_RECORDS PROVIDED_:
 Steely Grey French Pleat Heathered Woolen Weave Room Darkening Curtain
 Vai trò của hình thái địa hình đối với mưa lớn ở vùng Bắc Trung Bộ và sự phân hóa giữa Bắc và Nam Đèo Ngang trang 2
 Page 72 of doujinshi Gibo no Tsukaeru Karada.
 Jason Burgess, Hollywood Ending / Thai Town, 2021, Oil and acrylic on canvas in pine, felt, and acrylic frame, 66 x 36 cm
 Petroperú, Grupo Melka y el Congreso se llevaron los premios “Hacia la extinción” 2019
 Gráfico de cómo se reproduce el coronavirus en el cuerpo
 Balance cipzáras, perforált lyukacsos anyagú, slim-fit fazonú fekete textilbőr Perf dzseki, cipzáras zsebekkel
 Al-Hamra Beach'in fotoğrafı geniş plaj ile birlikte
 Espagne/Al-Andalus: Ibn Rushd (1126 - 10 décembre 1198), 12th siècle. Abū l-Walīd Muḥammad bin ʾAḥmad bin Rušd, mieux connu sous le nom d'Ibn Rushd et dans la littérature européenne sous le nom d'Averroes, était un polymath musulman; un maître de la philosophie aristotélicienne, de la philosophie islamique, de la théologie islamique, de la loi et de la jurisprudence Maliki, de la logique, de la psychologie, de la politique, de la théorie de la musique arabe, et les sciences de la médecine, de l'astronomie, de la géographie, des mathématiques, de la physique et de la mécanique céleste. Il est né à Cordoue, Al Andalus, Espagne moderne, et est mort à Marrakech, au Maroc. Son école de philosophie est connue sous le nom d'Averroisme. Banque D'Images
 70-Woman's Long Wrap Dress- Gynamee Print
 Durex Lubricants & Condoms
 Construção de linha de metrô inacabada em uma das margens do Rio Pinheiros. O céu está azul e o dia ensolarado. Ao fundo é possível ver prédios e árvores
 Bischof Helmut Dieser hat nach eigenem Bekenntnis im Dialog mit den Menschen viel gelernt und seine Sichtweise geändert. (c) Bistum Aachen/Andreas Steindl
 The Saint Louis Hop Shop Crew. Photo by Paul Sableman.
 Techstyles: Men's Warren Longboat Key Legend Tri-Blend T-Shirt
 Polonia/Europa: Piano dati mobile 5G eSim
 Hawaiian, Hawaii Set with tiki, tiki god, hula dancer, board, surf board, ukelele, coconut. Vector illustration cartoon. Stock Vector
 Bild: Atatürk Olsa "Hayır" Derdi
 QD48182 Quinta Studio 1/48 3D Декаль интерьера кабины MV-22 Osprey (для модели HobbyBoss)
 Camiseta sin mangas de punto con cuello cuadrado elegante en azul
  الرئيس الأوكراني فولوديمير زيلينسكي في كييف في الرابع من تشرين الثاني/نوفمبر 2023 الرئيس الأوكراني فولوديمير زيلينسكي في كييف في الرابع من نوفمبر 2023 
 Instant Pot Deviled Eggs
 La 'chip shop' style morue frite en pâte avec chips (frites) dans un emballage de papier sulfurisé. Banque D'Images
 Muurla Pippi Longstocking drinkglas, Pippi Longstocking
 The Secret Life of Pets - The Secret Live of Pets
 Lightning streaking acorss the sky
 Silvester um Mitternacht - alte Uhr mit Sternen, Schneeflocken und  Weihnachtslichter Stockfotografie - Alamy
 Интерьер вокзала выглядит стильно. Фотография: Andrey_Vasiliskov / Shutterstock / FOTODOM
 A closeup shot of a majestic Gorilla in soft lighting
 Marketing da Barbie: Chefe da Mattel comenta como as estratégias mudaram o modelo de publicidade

_YOUR ASSIGNMENT_: Only the lines with the string "azul" are wanted; pick them out of the records above and copy them.

_ANSWER TO THIS PROBLEM_:
 Construção de linha de metrô inacabada em uma das margens do Rio Pinheiros. O céu está azul e o dia ensolarado. Ao fundo é possível ver prédios e árvores
 Camiseta sin mangas de punto con cuello cuadrado elegante en azul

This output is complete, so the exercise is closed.